HPE InfoSight enables AI-driven infrastructure monitoring, which can guide proactive decision-making.
By analyzing historical performance trends, businesses can make data-backed IT investment decisions.
HPE InfoSight can predict failures before they happen, reducing downtime.
Example:
"If InfoSight predicts a RAID controller failure within 30 days, the IT team can schedule a proactive replacement, avoiding unexpected downtime."
By incorporating advanced business requirement gathering, deeper technical analysis, a structured solution recommendation approach, and AI-driven insights, HPE solutions can be tailored to customer needs with greater precision.
What is the most important first step when gathering requirements for an HPE SMB solution?
Understanding the customer’s business objectives and workloads.
Before selecting hardware or designing architecture, engineers must determine what the customer is trying to achieve.
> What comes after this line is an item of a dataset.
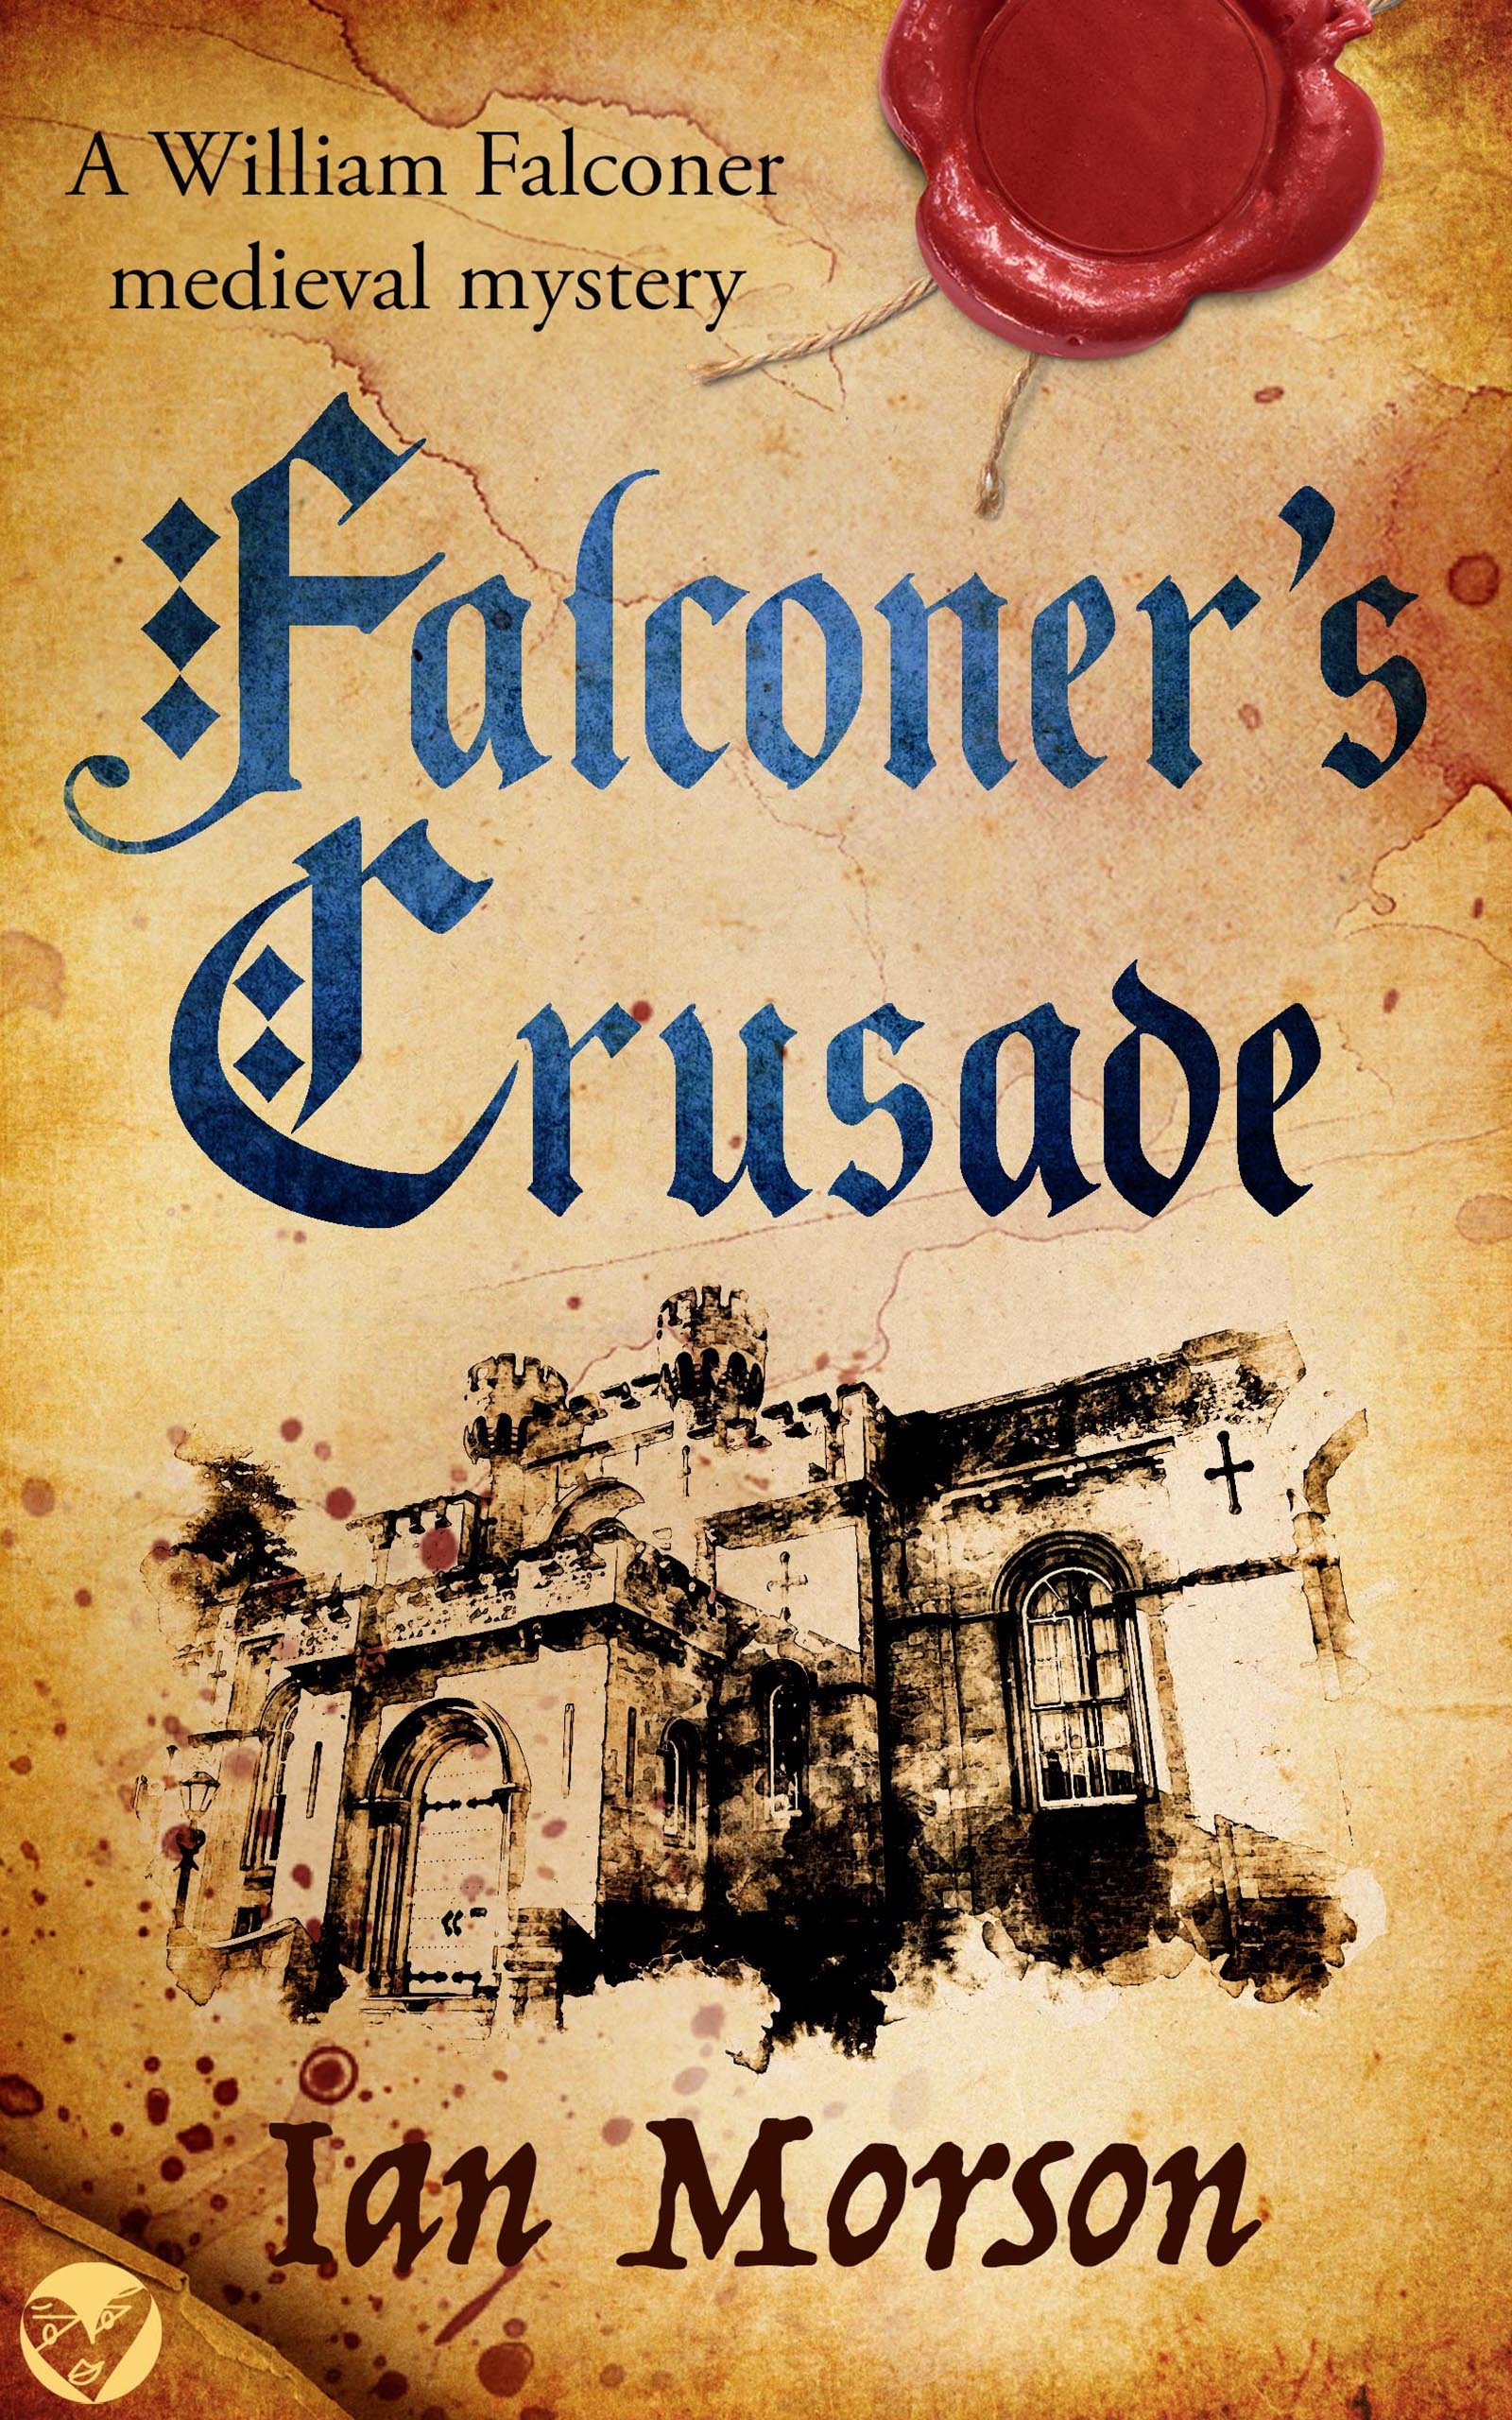 FALCONER'S CRUSADE Cover publish.jpg

This includes identifying key applications, expected user workloads, data growth patterns, and performance expectations. Understanding the business context ensures that the solution aligns with operational goals rather than focusing only on technical specifications. For example, a company prioritizing uptime may require high-availability design, while another focused on cost efficiency may prioritize consolidation. Gathering this information early prevents oversizing or undersizing the infrastructure and improves the overall effectiveness of the solution design.
Demand Score: 85
Exam Relevance Score: 91
Why should engineers analyze existing infrastructure before proposing a new HPE solution?
To determine compatibility, upgrade paths, and integration requirements.
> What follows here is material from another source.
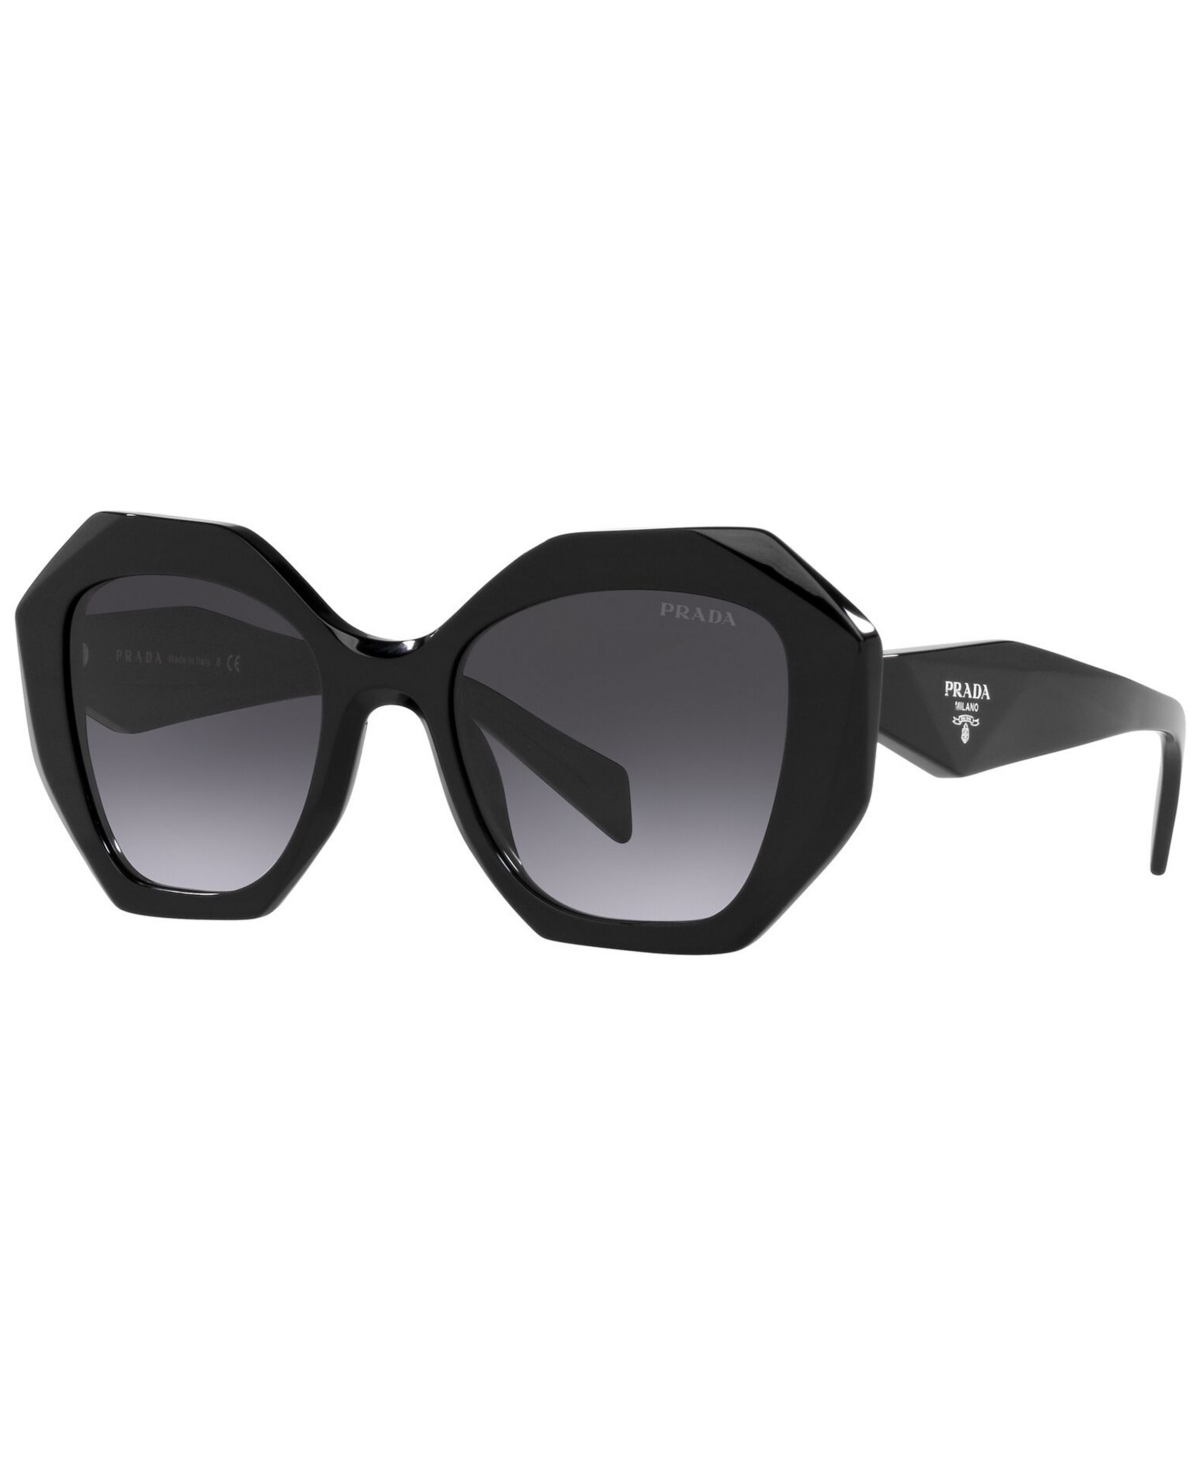 Prada Women's Sunglasses, Pr 16ws In Black,grey Gradient

Many organizations already have servers, storage, or networking equipment deployed in their environment. Analyzing the current infrastructure helps architects determine whether the new solution should integrate with existing systems or replace them. It also helps identify potential compatibility issues, such as unsupported operating systems or outdated hardware. Evaluating existing infrastructure ensures smoother migration and reduces deployment risks. This assessment typically includes reviewing server specifications, network topology, storage capacity, and virtualization platforms.
Demand Score: 82
Exam Relevance Score: 88
Why is capacity planning important during requirement analysis?
Because it ensures the solution can handle current workloads and future growth.
Capacity planning involves estimating how much compute, storage, and network resources are required for both current operations and projected expansion. Without proper capacity planning, infrastructure may quickly become insufficient as workloads increase. Engineers typically analyze factors such as data growth rate, number of users, transaction volume, and expected workload spikes. Designing a system with adequate capacity helps prevent performance bottlenecks and reduces the need for frequent hardware upgrades.
Demand Score: 79
Exam Relevance Score: 87
What type of requirement determines the need for redundancy and high availability in a solution?
Business continuity and service availability requirements.
Organizations that rely on critical applications often require infrastructure capable of operating even during hardware failures. During requirement analysis, engineers should determine acceptable downtime limits and recovery objectives. These requirements influence architecture decisions such as redundant power supplies, RAID storage, clustered servers, and backup systems. Identifying business continuity requirements early ensures that the solution provides the necessary level of reliability and minimizes operational risk.